» Information shown:

• • • •

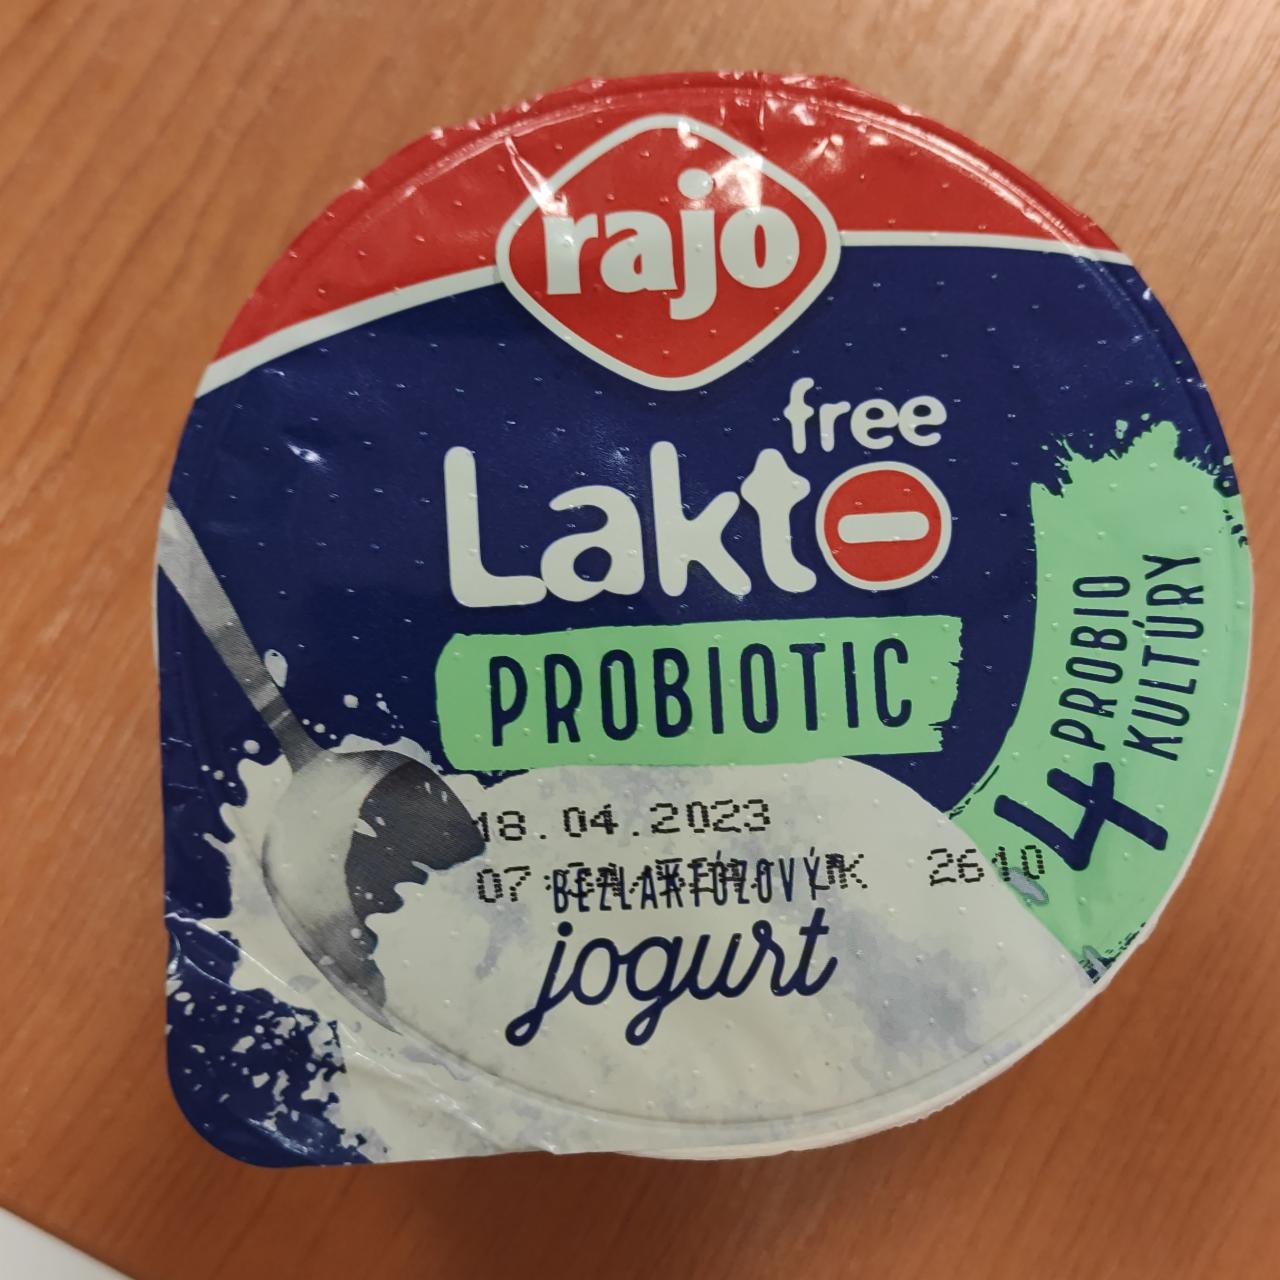 Képek - Laktofree probiotic jogurt Rajo
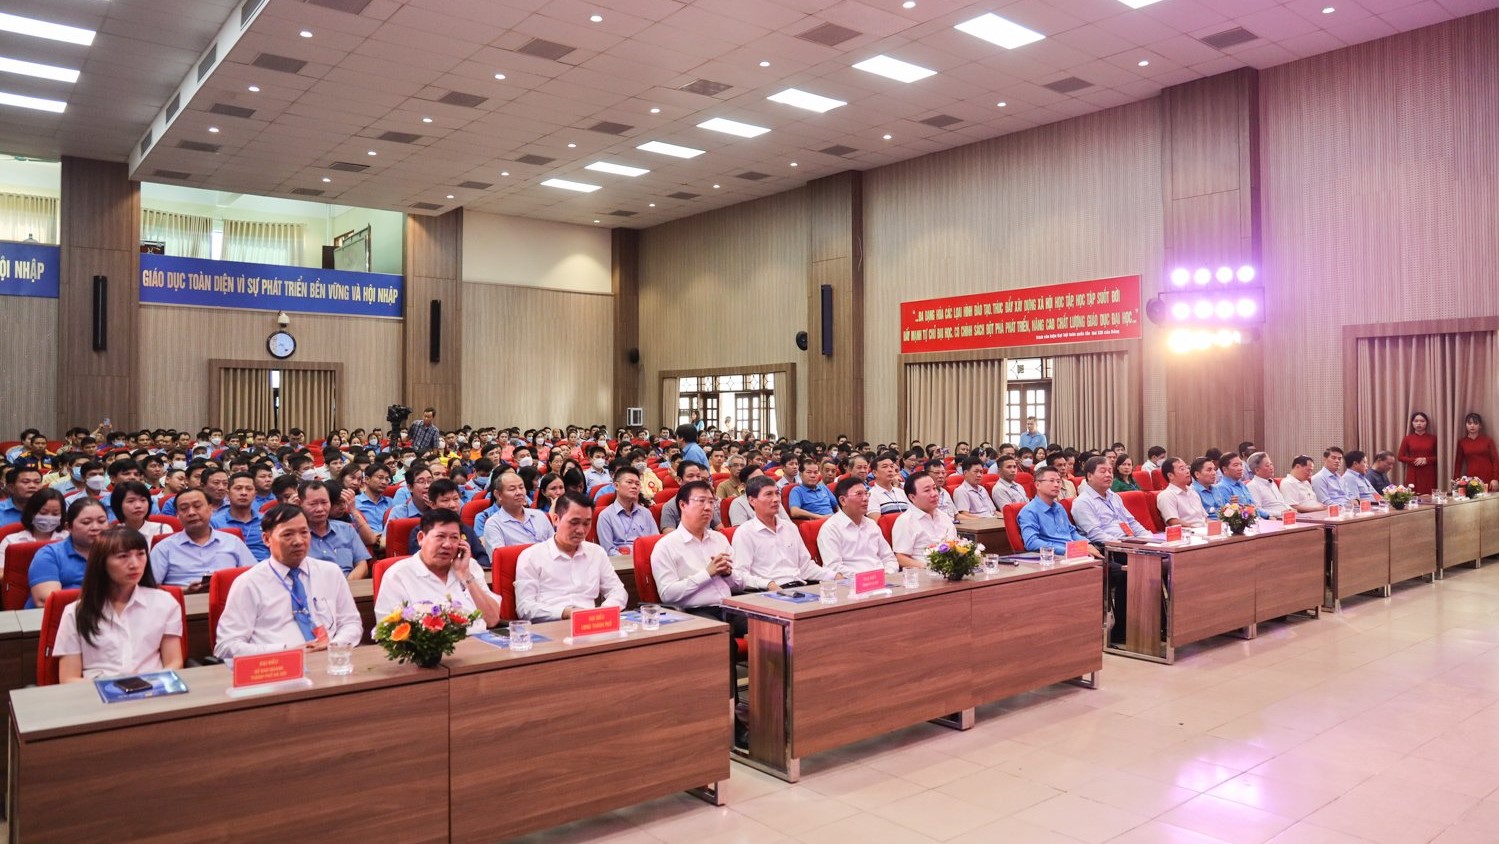 Hội thi thợ giỏi Thành phố Hà Nội lần thứ 2 diễn ra sôi nổi tại Trường Đại học Công nghiệp Hà Nội
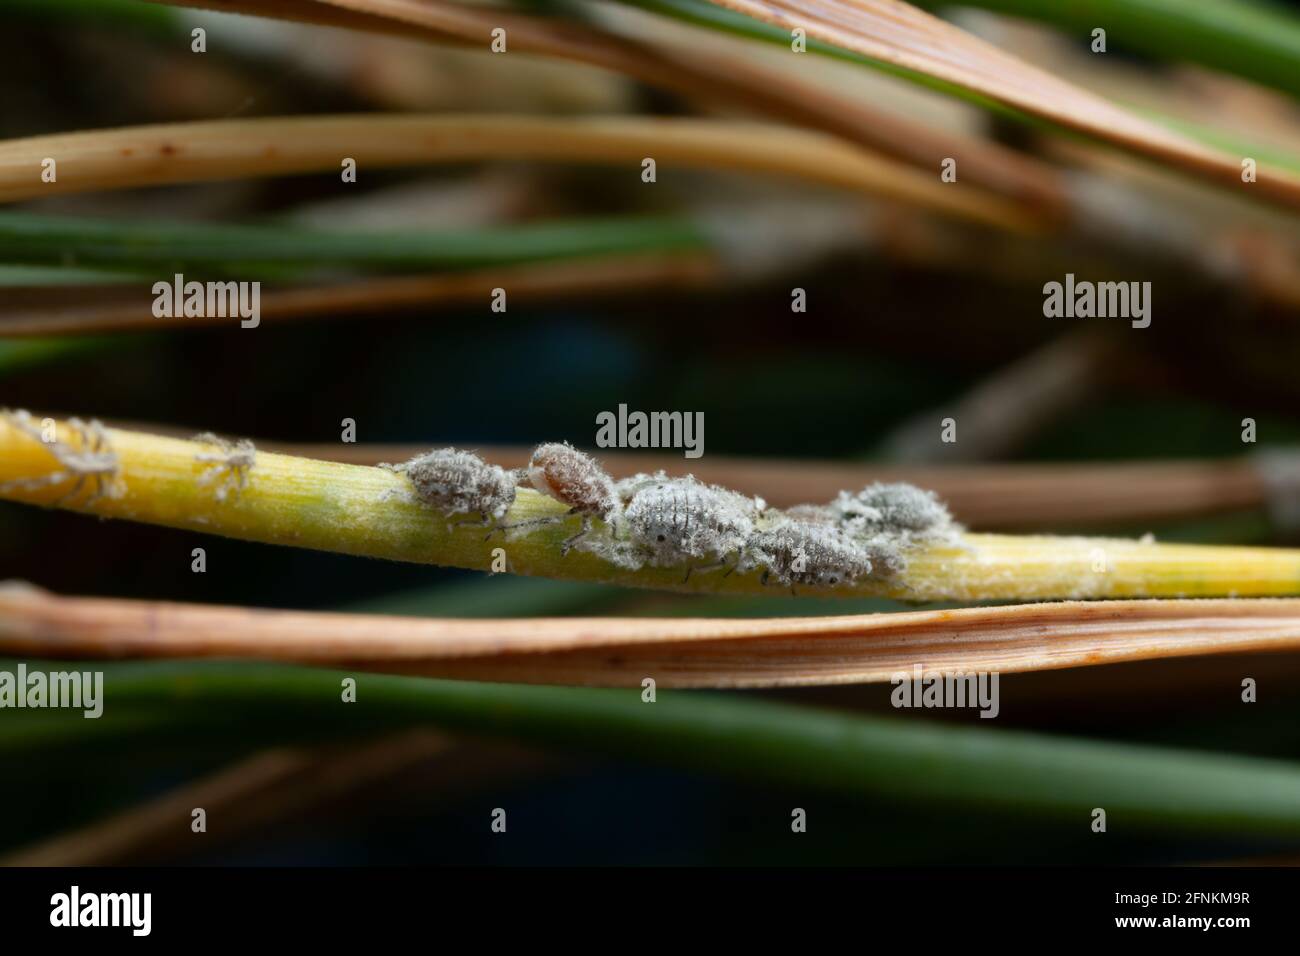 Aphids on pine needle Stock Photo
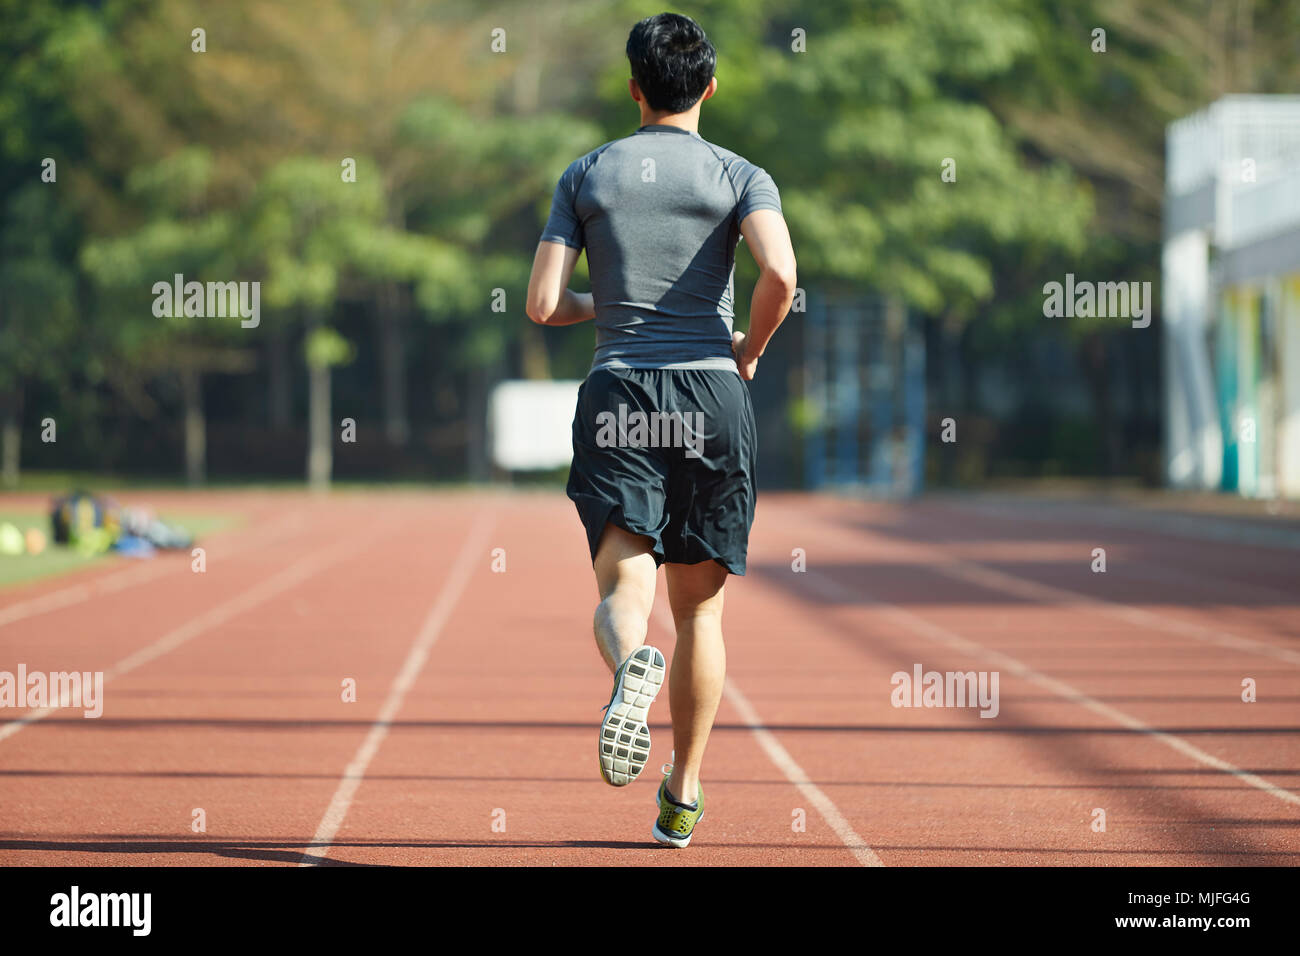 Jeune athlète masculin homme asiatique d'exécution de l'exercice de formation sur la voie, vue arrière. Banque D'Images

• • • •

» Problem details: Exactly reproduce the run of lines from the start of the listing through the line with "Aphids on pine needle Stock Photo", inclusive; pictures are not copied.

» Answer for this exercise:
 Képek - Laktofree probiotic jogurt Rajo
 Hội thi thợ giỏi Thành phố Hà Nội lần thứ 2 diễn ra sôi nổi tại Trường Đại học Công nghiệp Hà Nội
 Aphids on pine needle Stock Photo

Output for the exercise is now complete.